Aloe gel is excellent for the treatment of burns: the gel cut fresh from a leaf and applied to a burn instantly cools the skin, leading to less actual tissue damage. It is also useful for all kinds of skin complaints, from spots and blemishes to cuts, insect bites and stings. Herpes is of the same virus as the cold sore; aloe gel gives relief and helps healing in both these viruses. It is also an excellent treatment for sunburn, giving relief and helping to remove heat from the skin.
Aloe latex is taken internally as a purgative, acting on the lower bowel. It may be used in constipation although over dosage can result in diarrhoea, gastritis and nephritis. To avoid griping, it should be taken in conjunction with carminative and antispasmodic herbs (carminative include lavender, lemon balm and camomile, and antispasmodic herbs include (cramp bark, ginger, passion flower peppermint and hops). Aloe latex taken internally expels worms and other parasites of the digestive system.
In the past, Aloe latex was used as an emmenagogue, small doses increasing menstrual flow. Aloe-emodin is reported to have anti-cancer activity in vitro. Aloes turns the urine red. It is also used for colonic irrigation.
Contraindications. No known toxicity
Preparation and dosage:
For internal use it’s best to take the whole leaf dried and ground to a powder. Dosage is 100mg.
Tincture: 2 to 8 ml taken twice daily. It is important to take a carminative herb such as ginger or cinnamon at the same time to avoid griping; a few drops of ginger tincture will suffice.
Compress: a piece of cut leaf rubbed or placed upon the affected skin
Additional Comments and Folklore:When mixed with turpentine, tallow and white lead, it was traditionally smeared on the undersides of ships to protect the timbers from woodworm and barnacles. In the Indian system of Ayurvedic medicine, the leaf pulp of the exotic lily was used to shrink haemorrhoids, act as a powerful laxative and purge intestinal worms. The ancient Greeks used aloe vera on just about every part of the body and Pliny recommended that the crushed leaves be rubbed on "ulcerated male genitalia"
Legend has it that Aristotle persuaded Alexander the Great to conquer the Isle of Socroto, to secure enough Aloe vera to heal his soldiers’ wounds. Cleopatra relied on it for her unlined, youthful complexion, whilst the Chinese hailed Aloe as an elixir of youth. Aloe is also listed in St. John’s gospel as an anointing ingredient for the body of Christ.

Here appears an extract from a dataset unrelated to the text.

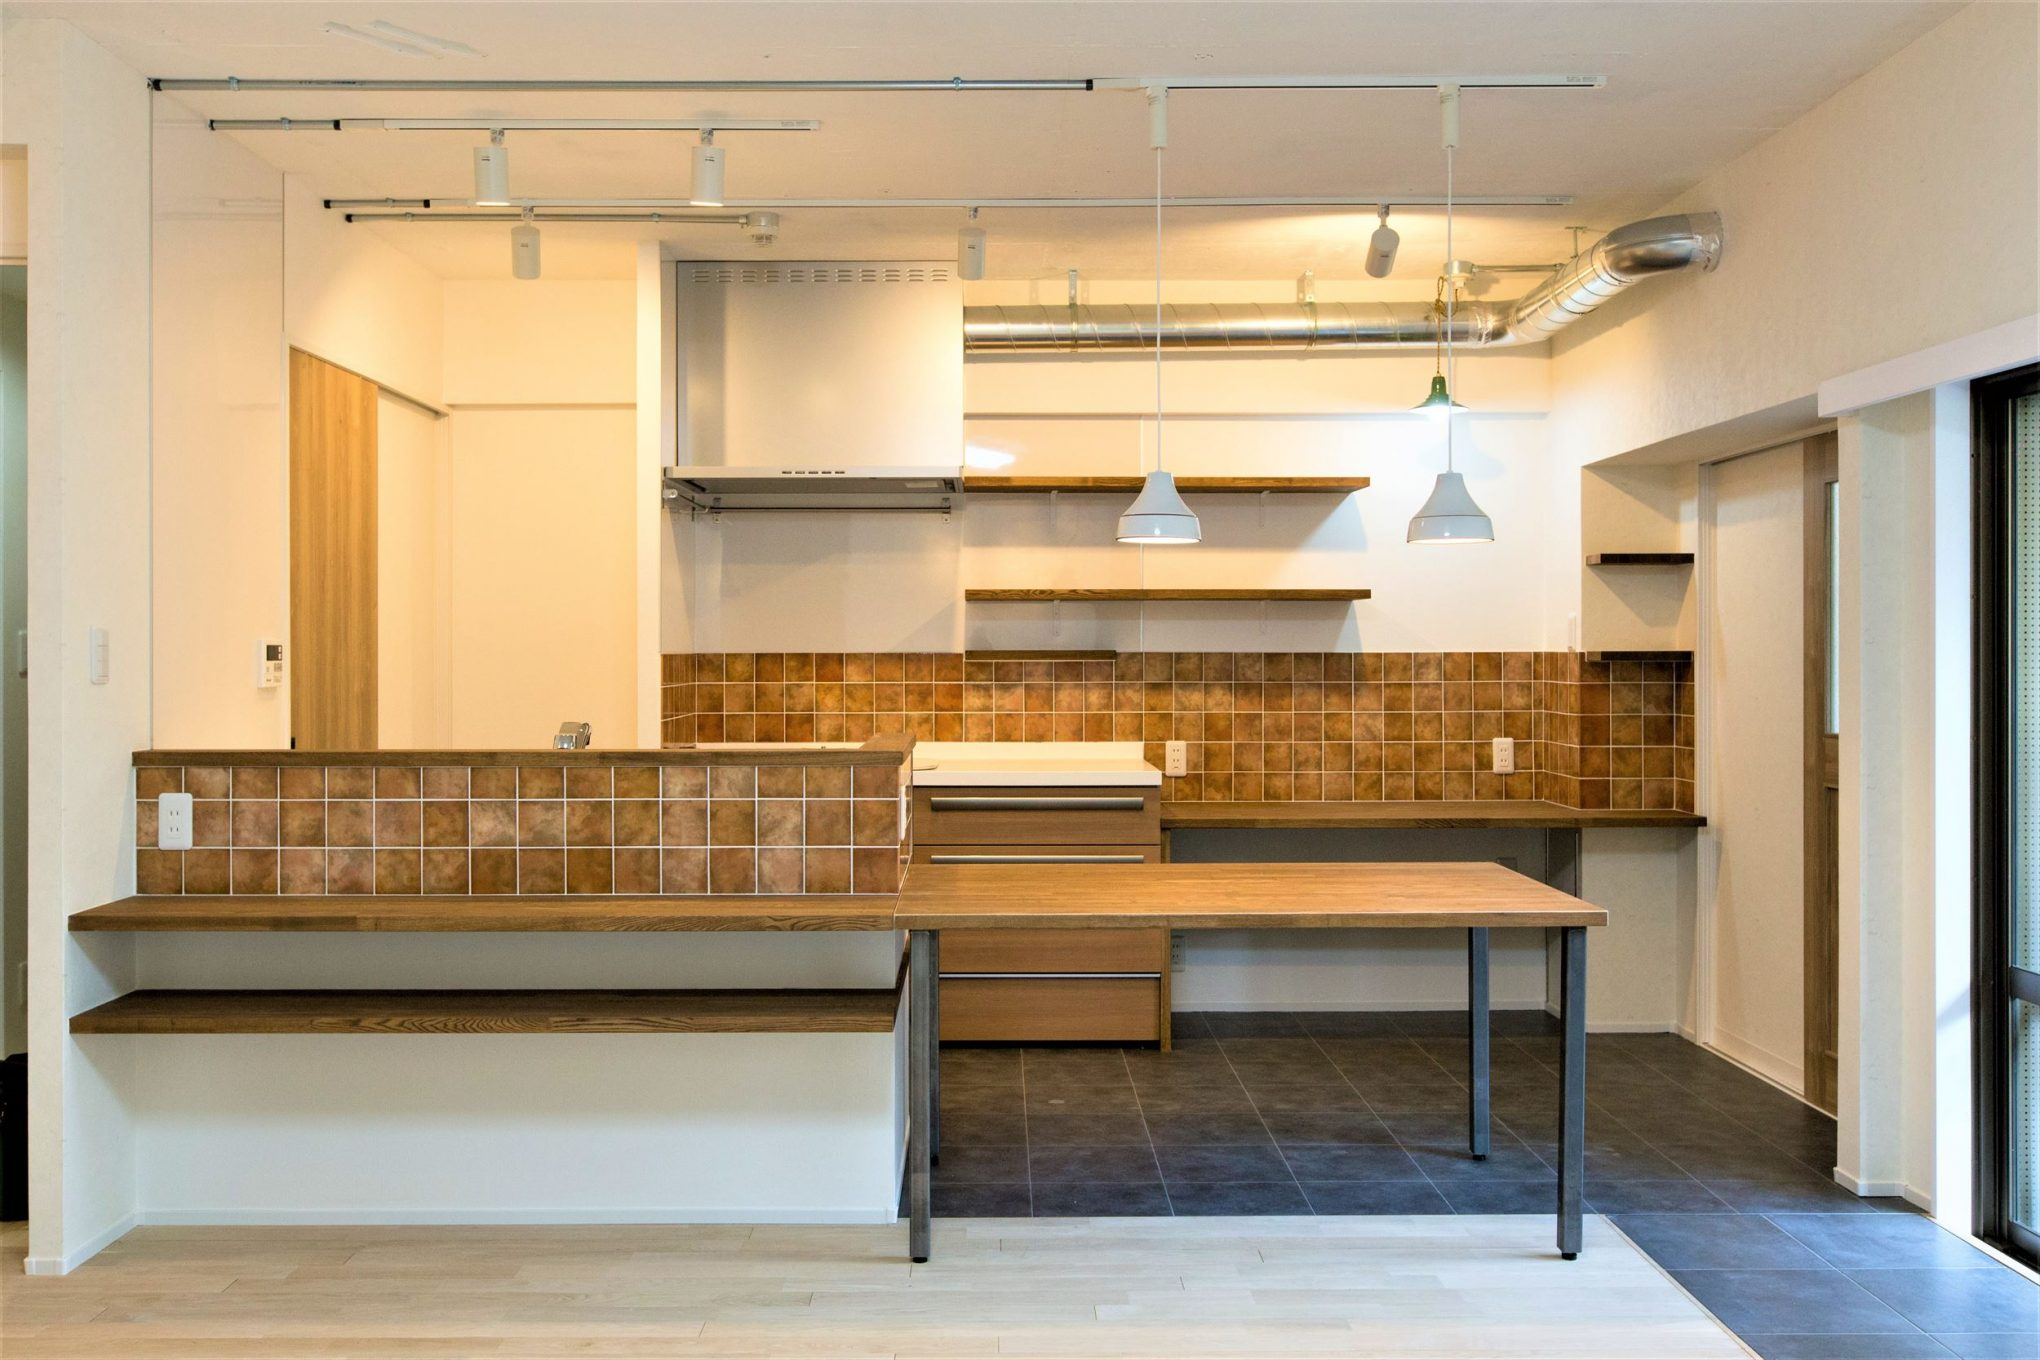 シンクと作業台兼ダイニングテーブルを造作し、リビングに向けたキッチン。

Doctors rediscovered Aloe vera in the 1930s, when it was found to heal radiation burns due to X-rays, where other methods had met with little success. It did the same for atomic fallout victims a decade later, following the Nagasaki and Hiroshima bombings.
The Aloe originates from tropical Africa, where related species are used as an antidote to wounds inflicted by ‘poisoned arrows’. The Greeks and Romans used the gel for wounds. Aloes was a favoured purgative during the Middle Ages and aloe vera gel is an ingredient of many cosmetic preparations and sun creams. It is used as a paint to discourage nail biting due to its intensely bitter taste.

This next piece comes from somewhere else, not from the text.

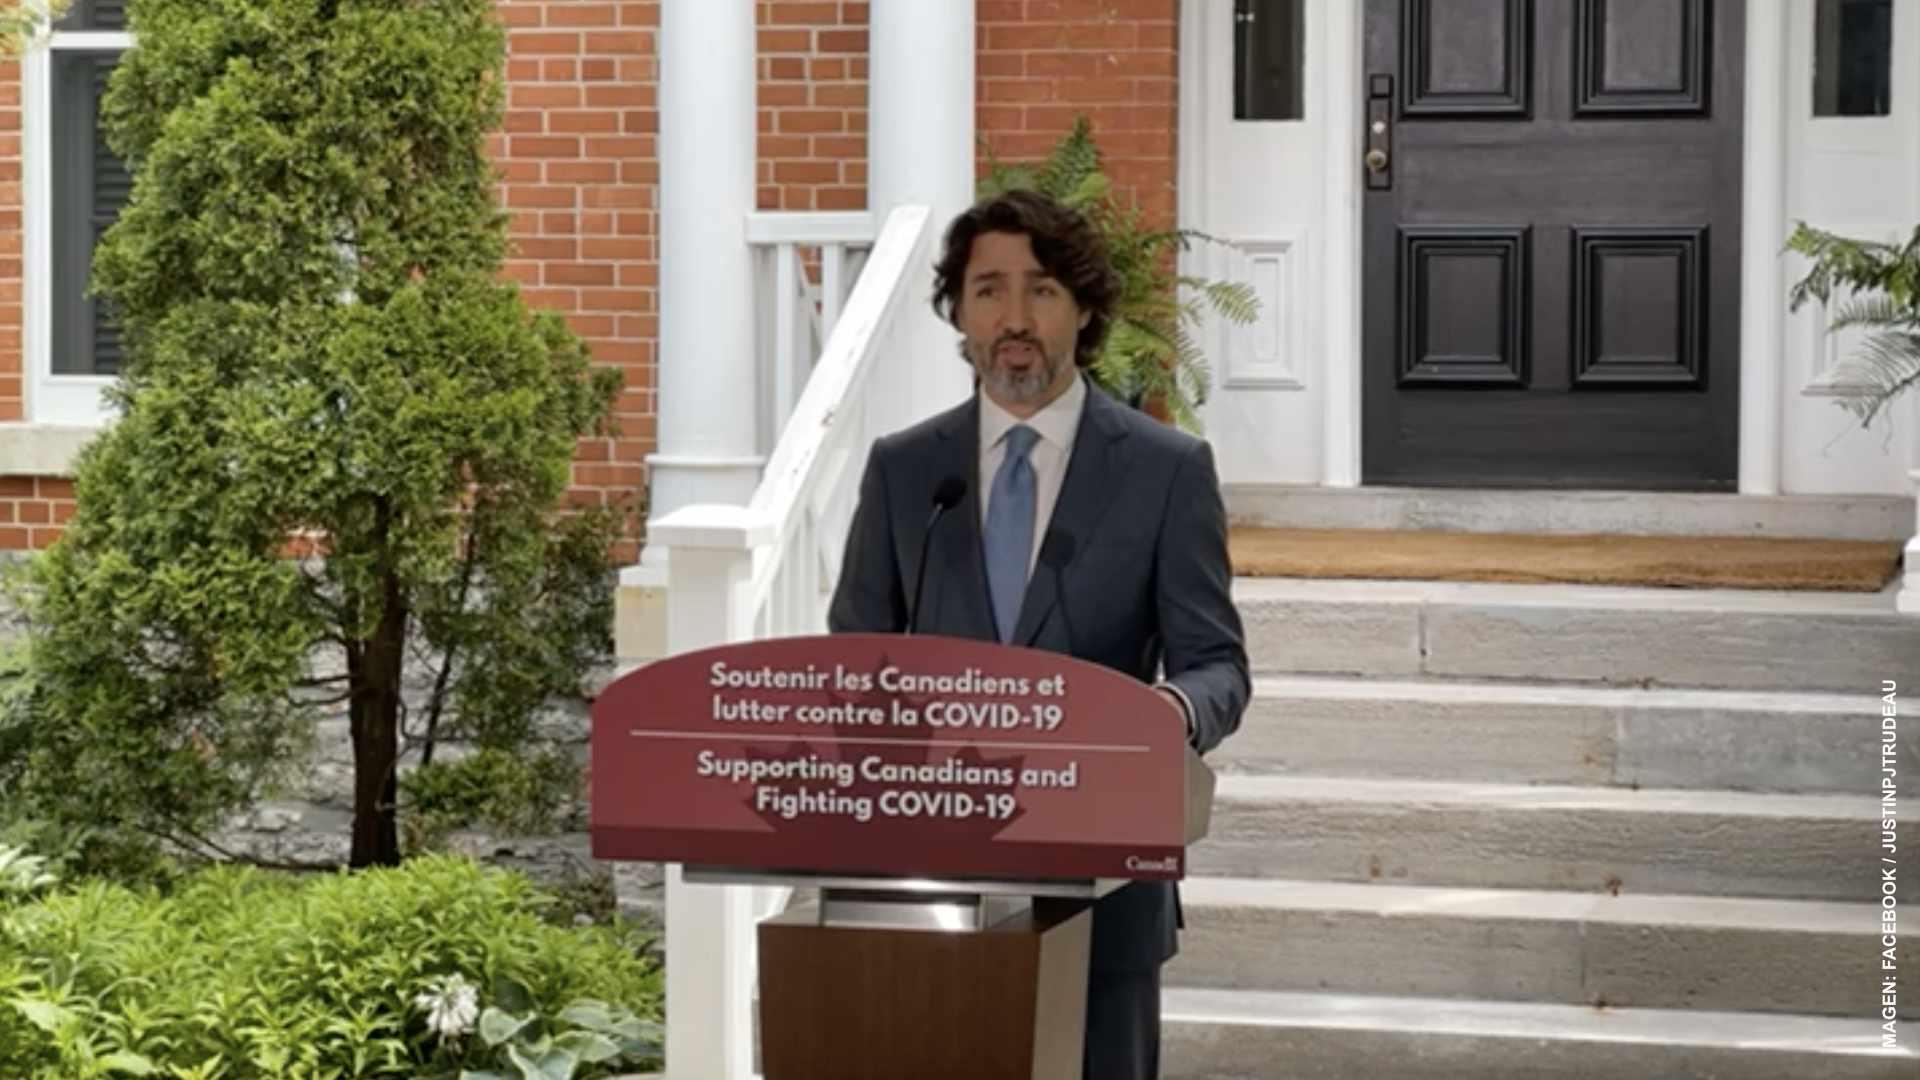 Apertura de fronteras, cuestión de semanas: Trudeau

Plants grown indoors in pots help remove toxins from the atmosphere. It is also unusual in that it continues to release oxygen and absorb carbon dioxide in the dark, making it very suitable for growing in bedrooms.
The Mahometans (a follower of Mohamed), especially those in Egypt, regard the Aloe as a religious symbol, and the Mussulman (an old word for Muslim) who has made a pilgrimage to the shrine of the Prophet is entitled to hang the Aloe over his doorway. The Mahometans also believe that this holy symbol protects a householder from any malign influence. In Cairo, the Jews also adopt the practice of hanging up Aloe. In the neighbourhood of Mecca, at the extremity of every grave, on a spot facing the epitaph is to be found planted a low shrubby species of Aloe whose Arabic name, saber, and signifies patience. Its name refers to the waiting-time between burial and resurrection, which is said to take place in the morning.